European shares fell, dragged lower by banks on concerns about the outcome of the euro zone debt crisis, while safe-haven German government bonds rose.

Oil prices also slipped on Friday in line with other markets, though they are expected to remain firmly underpinned by ongoing tensions with Iran, the world's fourth-largest crude oil producer.

INDIAN DEMAND FIRMS

Physical gold demand from the world's biggest bullion consumer, India, improved on Friday as prices eased back from two-month highs. “Demand is better than the last two days as prices have cooled off a bit,” said one bullion dealer in Mumbai.

Also positive for prices, the biggest operator of US futures exchanges, the CME Group, on Thursday lowered trading margins for a range of commodities contracts, including gold, silver and platinum.

“In August and September of last year, CME almost doubled the margin within just a few weeks, thereby contributing to the sharp fall in the price of gold,” Commerzbank said in a note.

Indonesia is to ban exports of some raw materials, including gold and silver as well as base metals like copper and tin, from 2014, the Mineral Resources Ministry said on its website.
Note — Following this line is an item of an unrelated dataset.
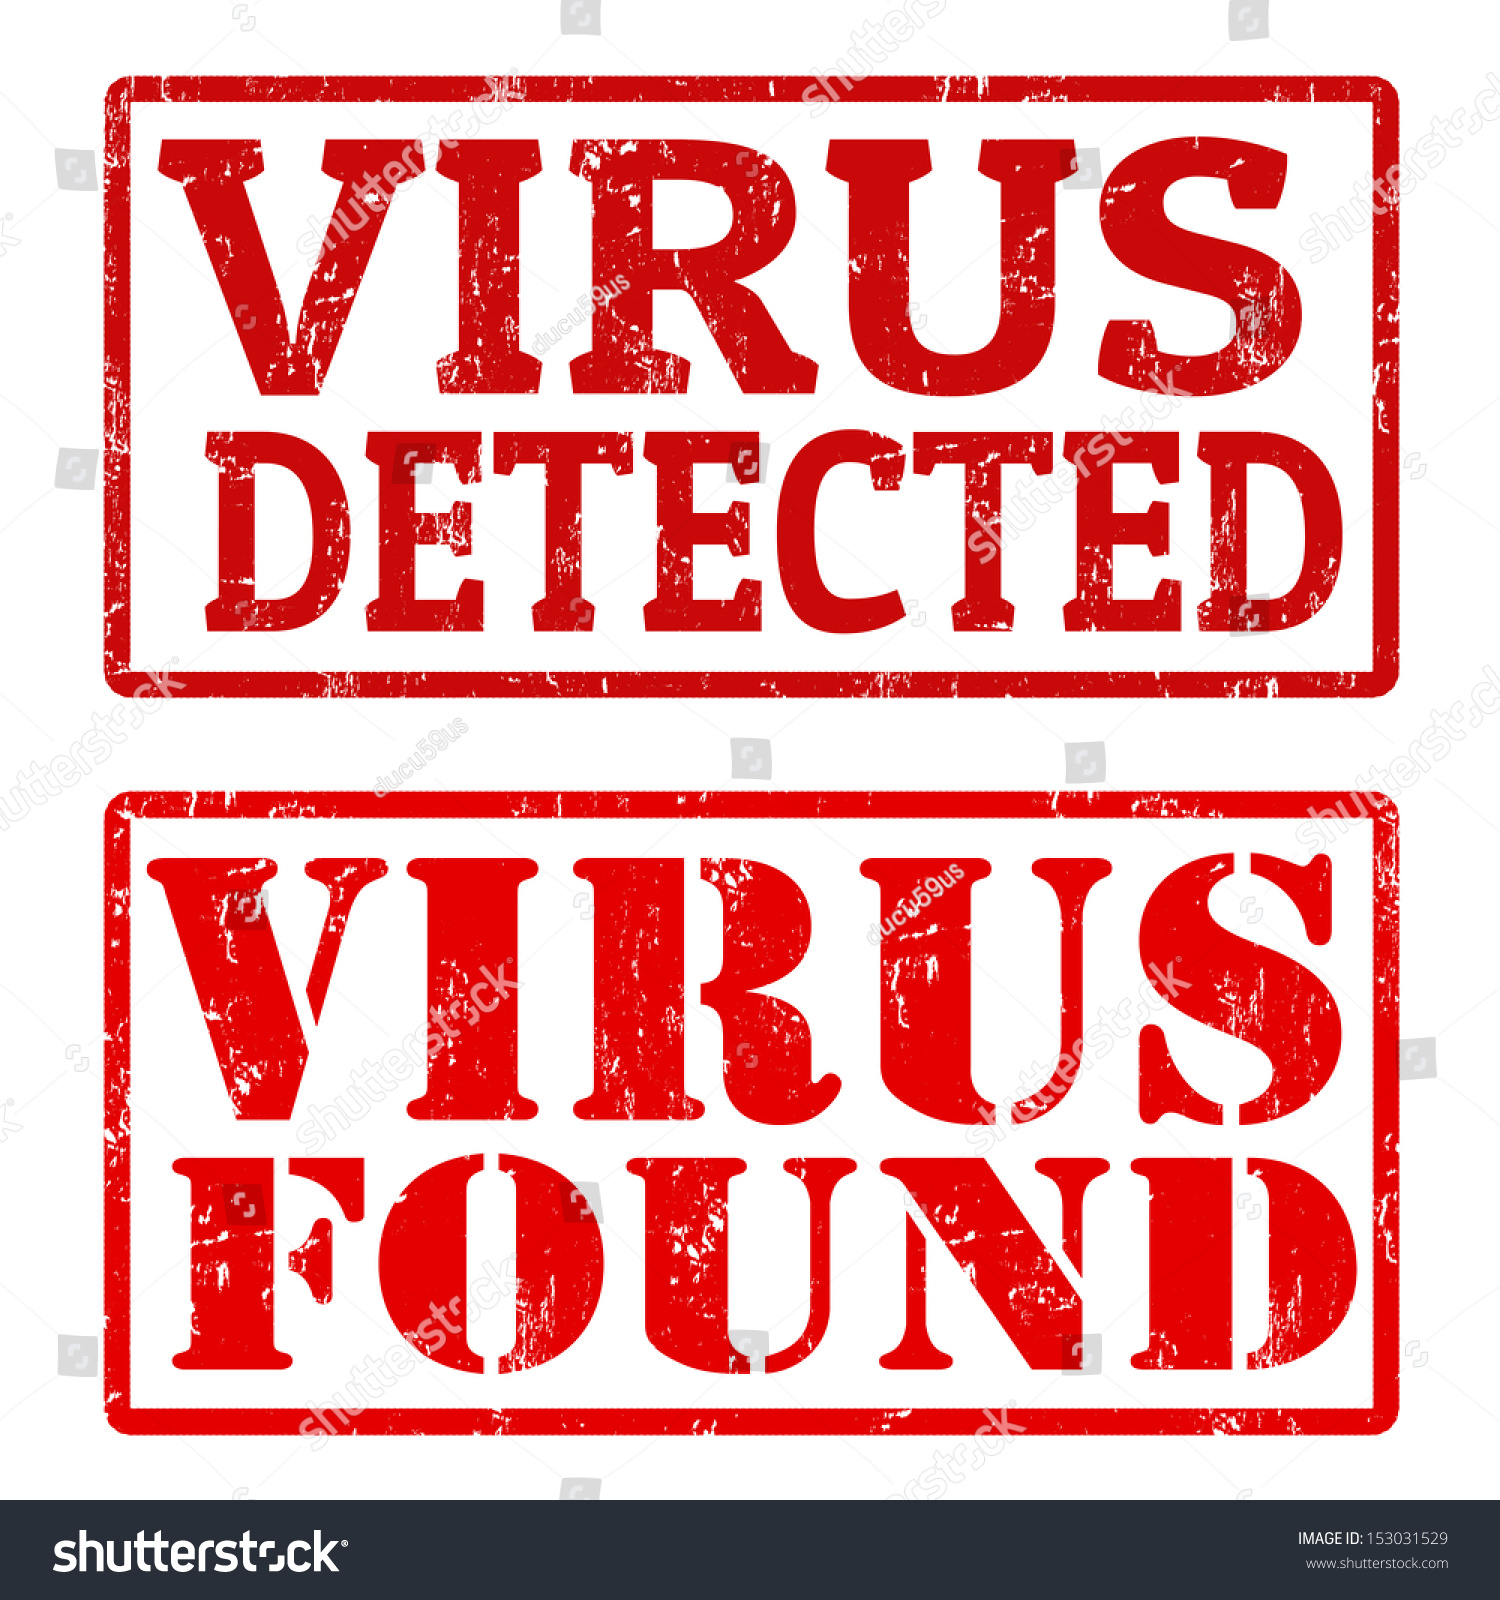 Virus found. Virus detected. Virus detected logo. Testorone virus text caption. Not text virus.

Indonesia was the world's seventh-largest gold producer last year with output of 115 tonnes, according to metals consultancy GFMS, and produced 6.9 million ounces of silver in 2010, making it Asia's fourth-largest miner of the metal.

Silver was down 0.8 percent at $33.60 an ounce. Spot platinum was down 0.6 percent at $1,642.49 an ounce, while spot palladium was down 1.3 percent at $697.30.

President Jacob Zuma squashed more than two years of talk on Friday about the nationalisation of South Africa's massive mining sector, saying state control or ownership of the mines in the world's biggest platinum producer could not work.

However, South Africa's mining sector - the fifth-biggest in the world by value - faces the prospect of higher taxes and royalties as the government tries to squeeze out better returns for the country's 50 million people.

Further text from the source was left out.